## Data provided
=== Begin Enclosure ===

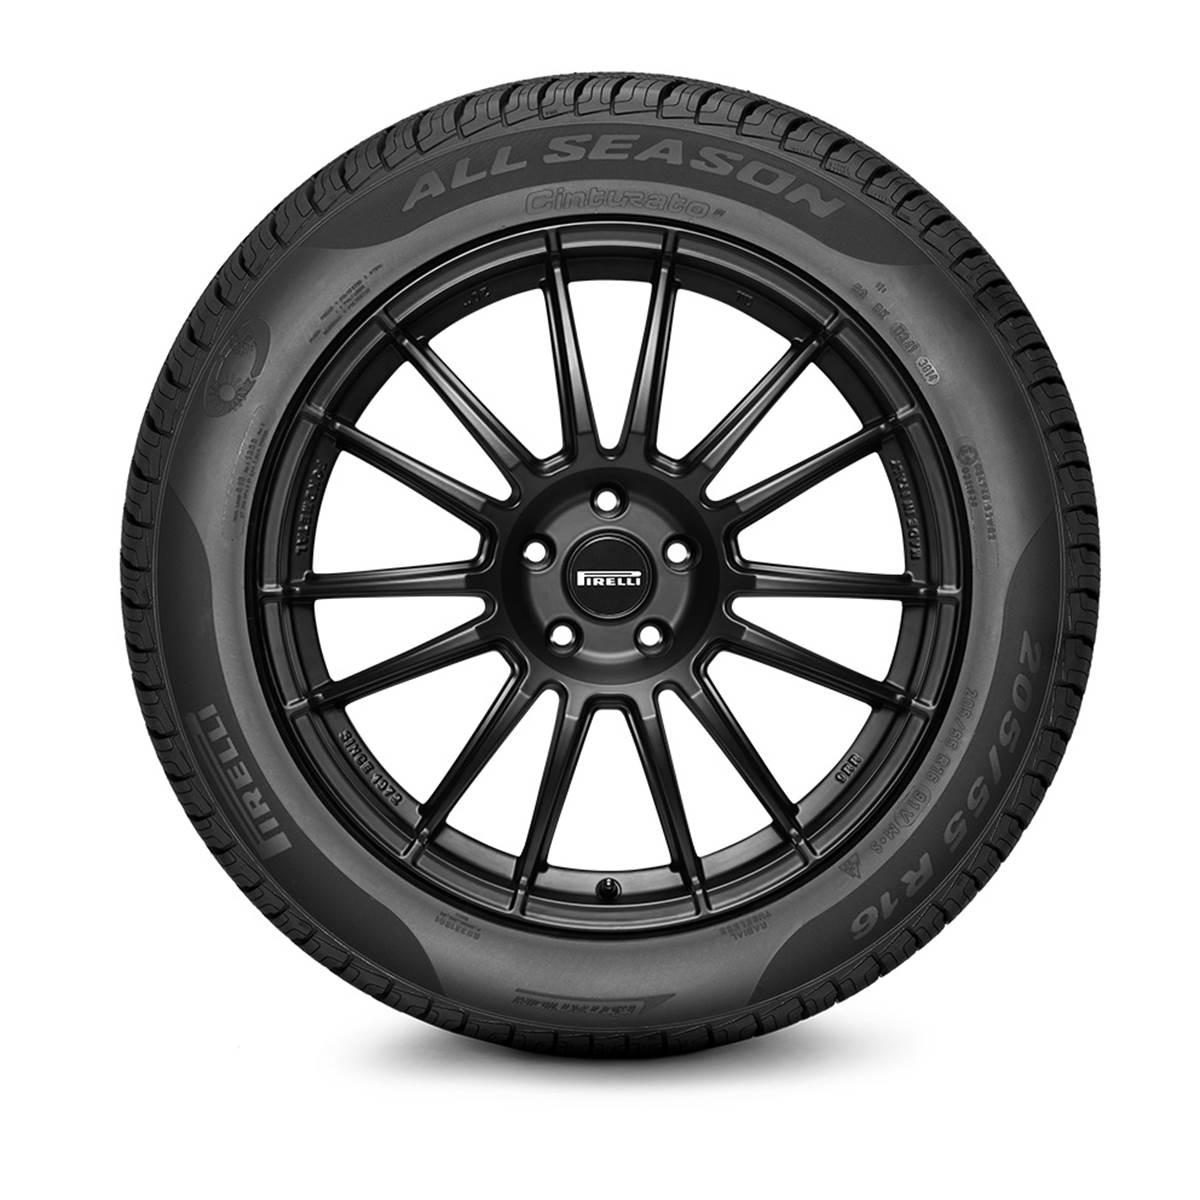 Pneu 4 Saisons Pirelli 225/45R17 94W Cinturato All Season +
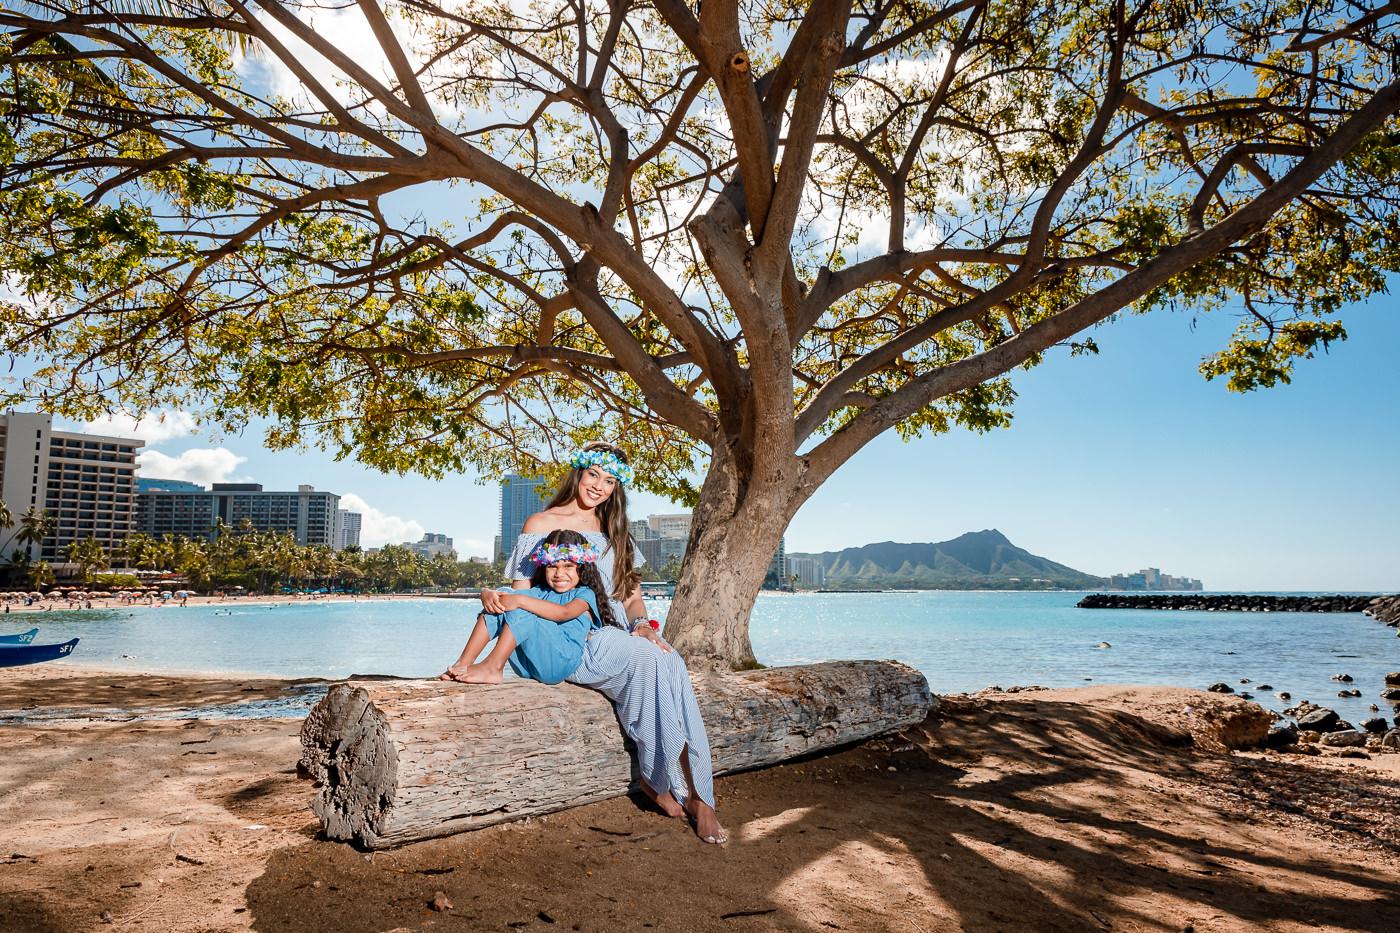 Oahu2019-3074.jpg
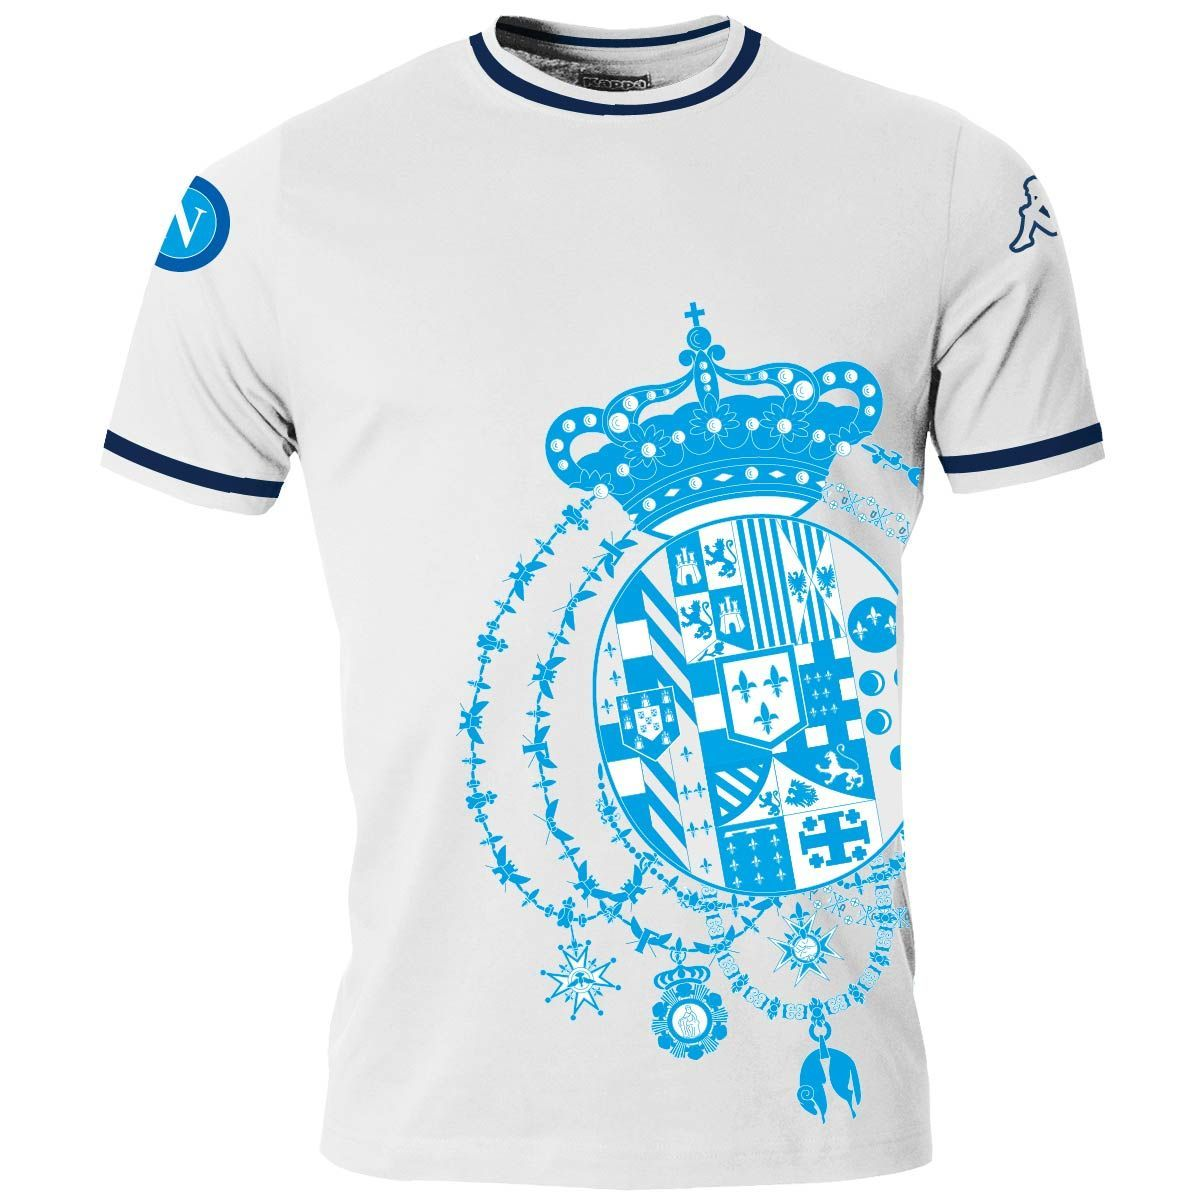 La t-shirt borbonica del Napoli: l'ultimo atto del De Laurentiis meridionalista che diede del paraculo a Cavour

=== End Enclosure ===

## Brief
Please set down each line of the listing above word for word, skipping any pictures.

## Output for this exercise
 Pneu 4 Saisons Pirelli 225/45R17 94W Cinturato All Season +
 Oahu2019-3074.jpg
 La t-shirt borbonica del Napoli: l'ultimo atto del De Laurentiis meridionalista che diede del paraculo a Cavour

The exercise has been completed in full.